And Jesus says, if they don't want the truth, just I'll take care of them later.
But when we say judge not least ye be judged, the full context, of course, is to not judge hypocritically.
See, this is where we have this argument.
I have this argument with you.
Yeah, because I read that, I've gone over that again.
Jesus says rebuke.
There are different translations, so it's really hard to know.
But Jesus says rebuke a person when he sins against you.
In other words, when I feel with it when he's, that's a different kind of sin than the kind of sin where I think people do things all the time that they hurt themselves and they degrade themselves.
I think that's a sin.
I think you're not supposed to degrade yourself.
But if I'm in somebody's face all the time telling them, you know, you're drinking too much, you're eating too much, you shouldn't be doing this with women.
I think I've closed the door on that guy.
I think I've closed the door in his face.
And so I agree with you.
I agree with the first part of what you said about how secular people misuse that.
Like you're not supposed to make moral judgments at all, which is absurd.

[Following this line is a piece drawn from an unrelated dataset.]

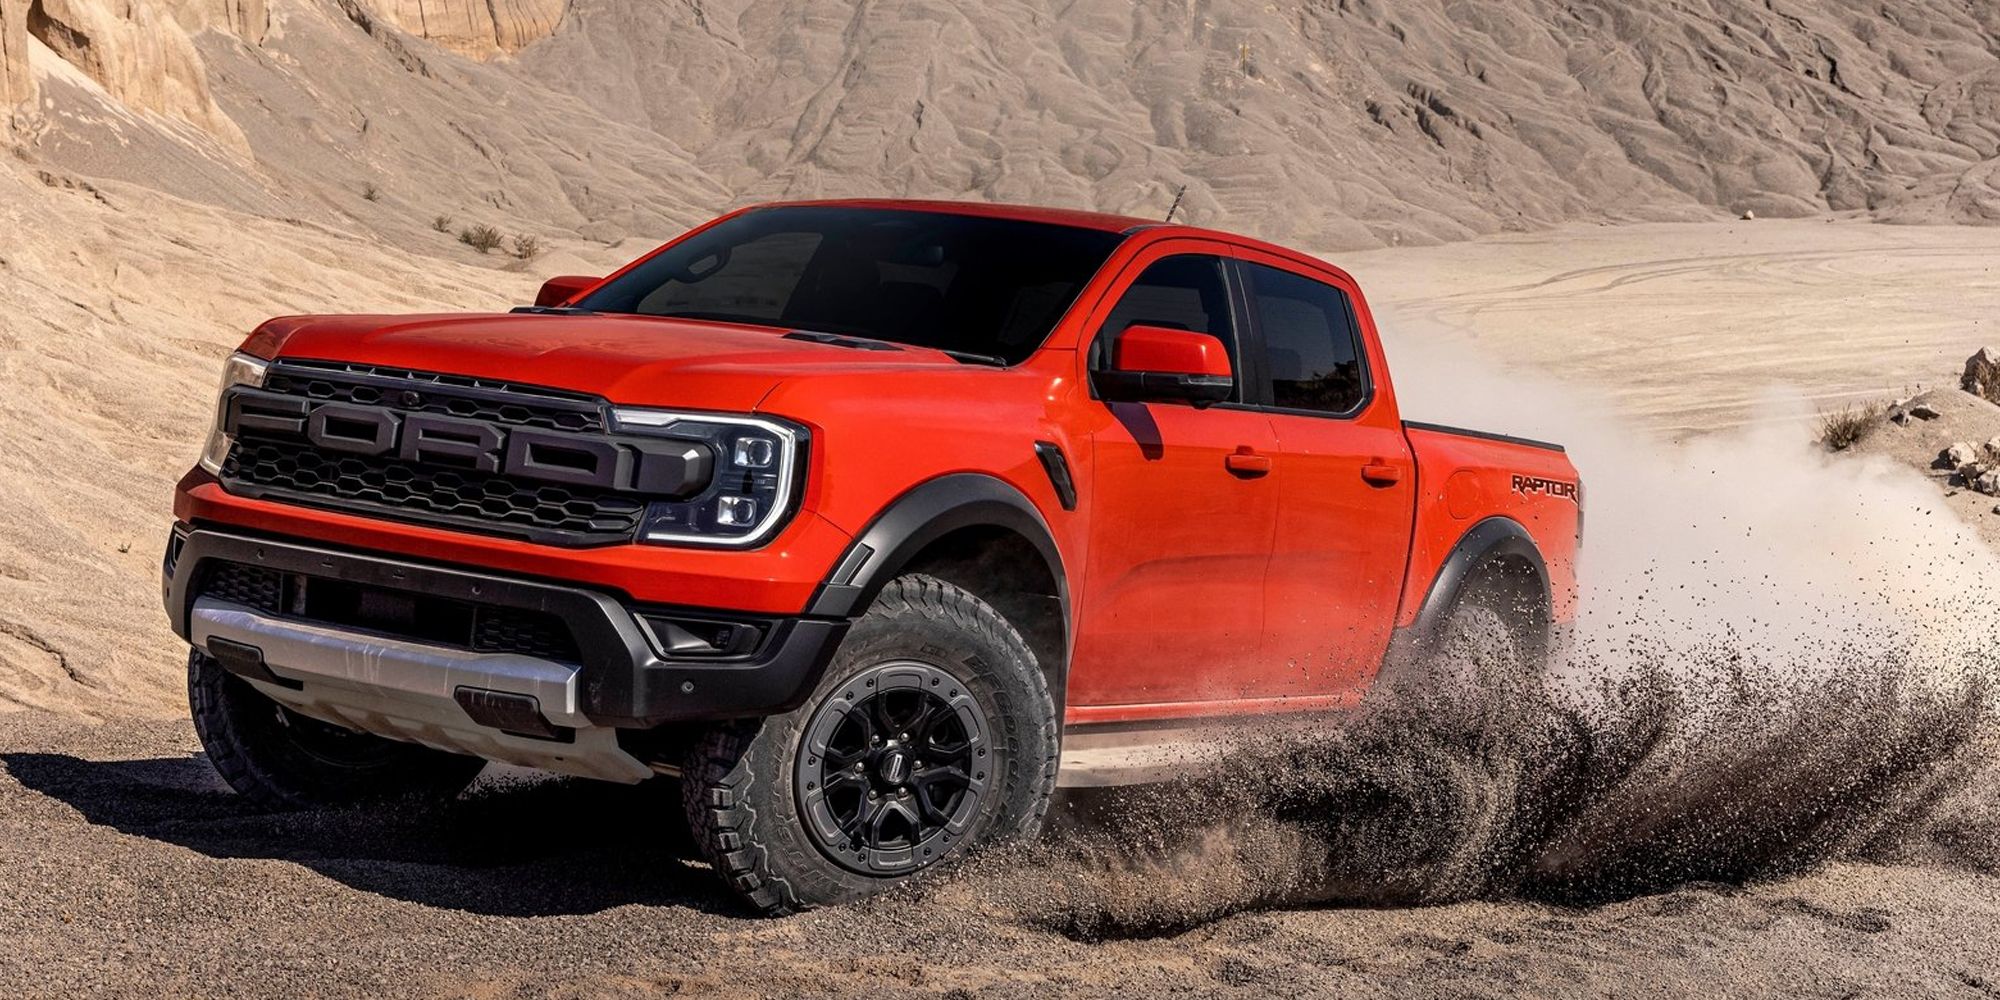 Reasons Why We're Excited About The 2023 Ford Ranger Raptor

I mean, you can't live like that.
But I do think we need to lean on that love.
Oh, definitely.
Tell the truth in love.
You know, you got to do that, but you don't want to love somebody straight to hell.
I agree with you.
I hear you.
But when he says judge not least you, the full scope of that is because it follows by saying before you try to pull the telephone pole out of somebody's eye, you need to pull the splint, you know.
I mean, before you try to pull the splint out of somebody, you're going to pull the telephone pole or any other.
So you want to make sure that you're not judging somebody hypocritically.
It's like, have you cleaned up your own house yet before you go and try to judge somebody else?
But you're right, man.
You at least want to tell somebody.
It's like, you might not want to do that.
I don't want to bug you.
I'm just going to tell you the truth.
And I'm going to step back.
And you do you.
Yeah.
But you've been told the truth.
Yeah, and there are so many different ways to do this.
I mean, this is the thing.
I mean, I just find this kind of, I worry about people closing the door in people's faces.
And I think that the door, you know, I believe we should just blow the hinges off our hearts and let people just say, hey, you know, I get, I remember somebody on a hotline calling me and saying, talking to me, and he told me he was worshiping, he was into Satanism.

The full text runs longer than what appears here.